Many users want to run large language models (LLMs) locally for more privacy and control, and without subscriptions, but until recently, this meant a trade-off in output quality. Newly released open-weight models, like OpenAI’s gpt-oss and Alibaba’s Qwen 3, can run directly on PCs, delivering useful high-quality outputs, especially for local agentic AI.

This opens up new opportunities for students, hobbyists and developers to explore generative AI applications locally. NVIDIA RTX PCs accelerate these experiences, delivering fast and snappy AI to users.

NVIDIA has worked to optimize top LLM applications for RTX PCs, extracting maximum performance of Tensor Cores in RTX GPUs.

One of the easiest ways to get started with AI on a PC is with Ollamaan open-source tool that provides a simple interface for running and interacting with LLMs. It supports the ability to drag and drop PDFs into prompts, conversational chat and multimodal understanding workflows that include text and images.

It’s easy to use Ollama to generate answers from a text simple prompt.

NVIDIA has collaborated with Ollama to improve its performance and user experience. The most recent developments include:

  • Performance improvements on GeForce RTX GPUs for OpenAI’s gpt-oss-20B model and Google’s Gemma 3 models
  • support for the new Gemma 3 270M and EmbeddingGemma3 models for hyper-efficient retrieval-augmented generation on the RTX AI PC
  • Improved model scheduling system to maximize and accurately report memory utilization
  • Stability and multi-GPU improvements

Ollama is a developer framework that can be used with other applications. Such as, AnythingLLM – an open-source app that lets users build their own AI assistants powered by any LLM – can run on top of Ollama and benefit from all of its accelerations.

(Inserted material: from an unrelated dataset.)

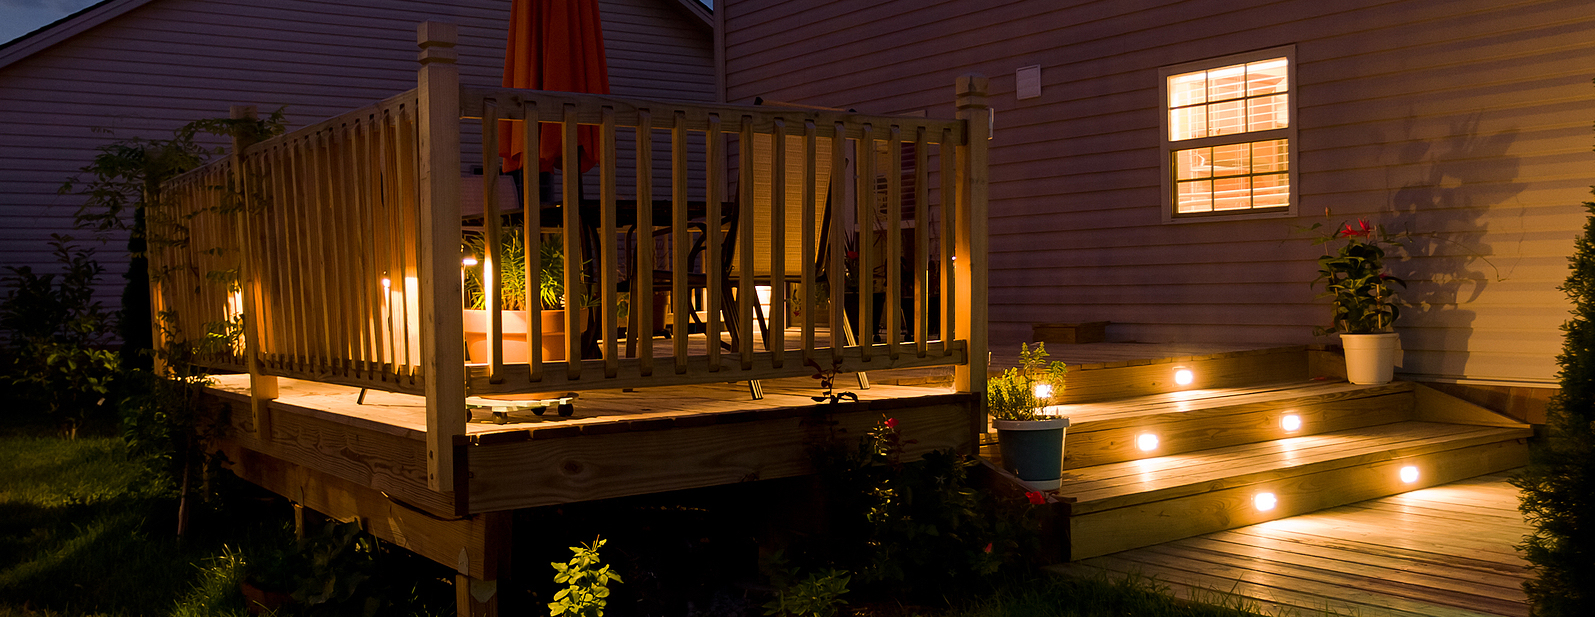 Fortus Electric can help install and maintain outdoor lighting
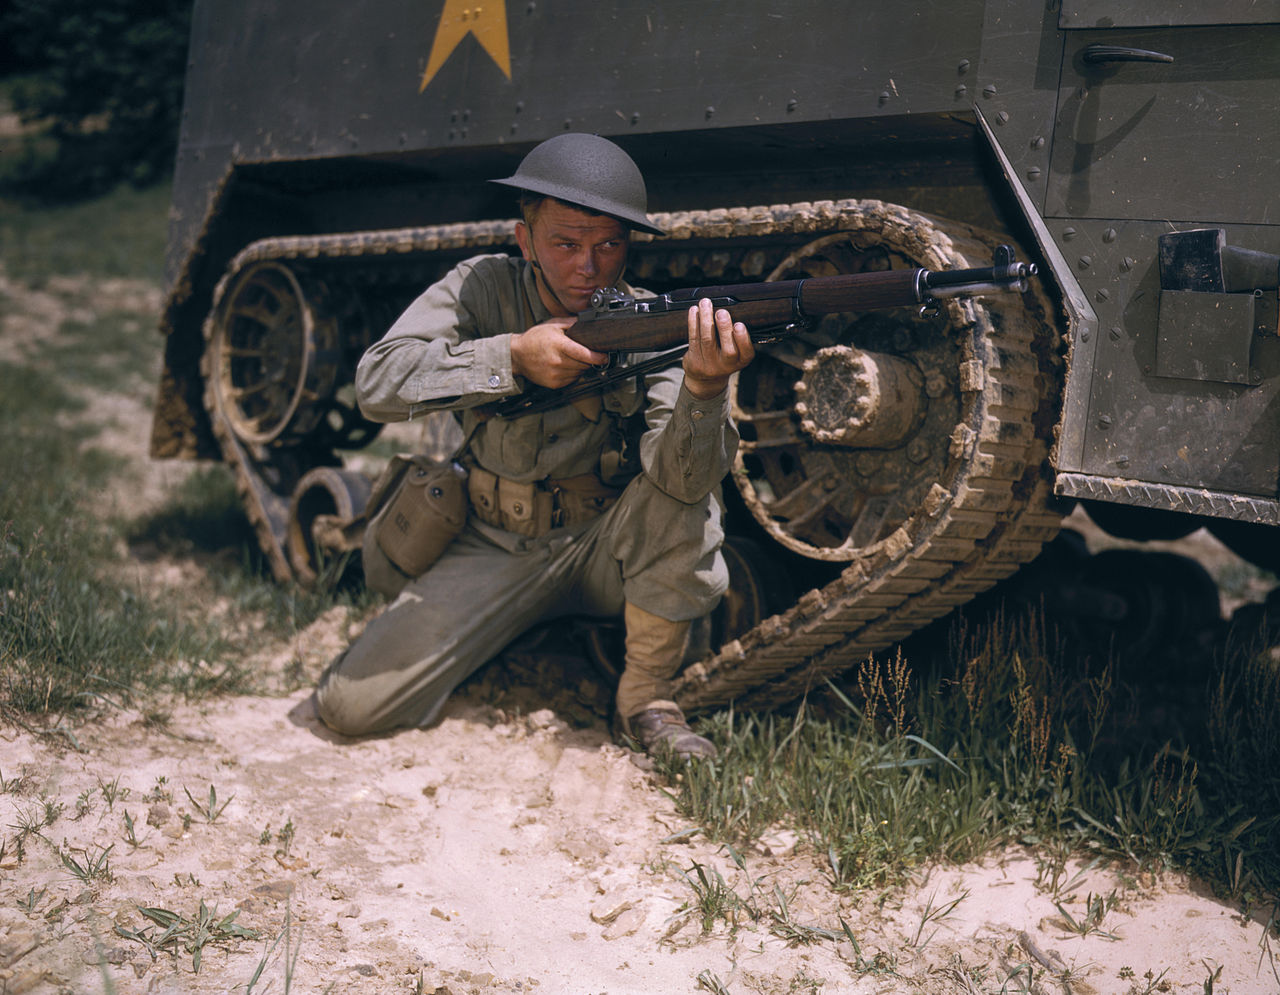 A young soldier of the armored forces holds and sights his Garand rifle like an old timer, 1942

Enthusiasts can also get started with local LLMs using LM Studioan app powered by the popular llama.cpp framework.The app provides a user-kind interface for running models locally, letting users load different LLMs, chat with them in real time and even serve them as local request programming interface endpoints for integration into custom projects.

Large Language Models: A Beginner's Guide
AnythingLLM running on an RTX PC transforms study materials into interactive flashcards, creating a personalized AI-powered tutor.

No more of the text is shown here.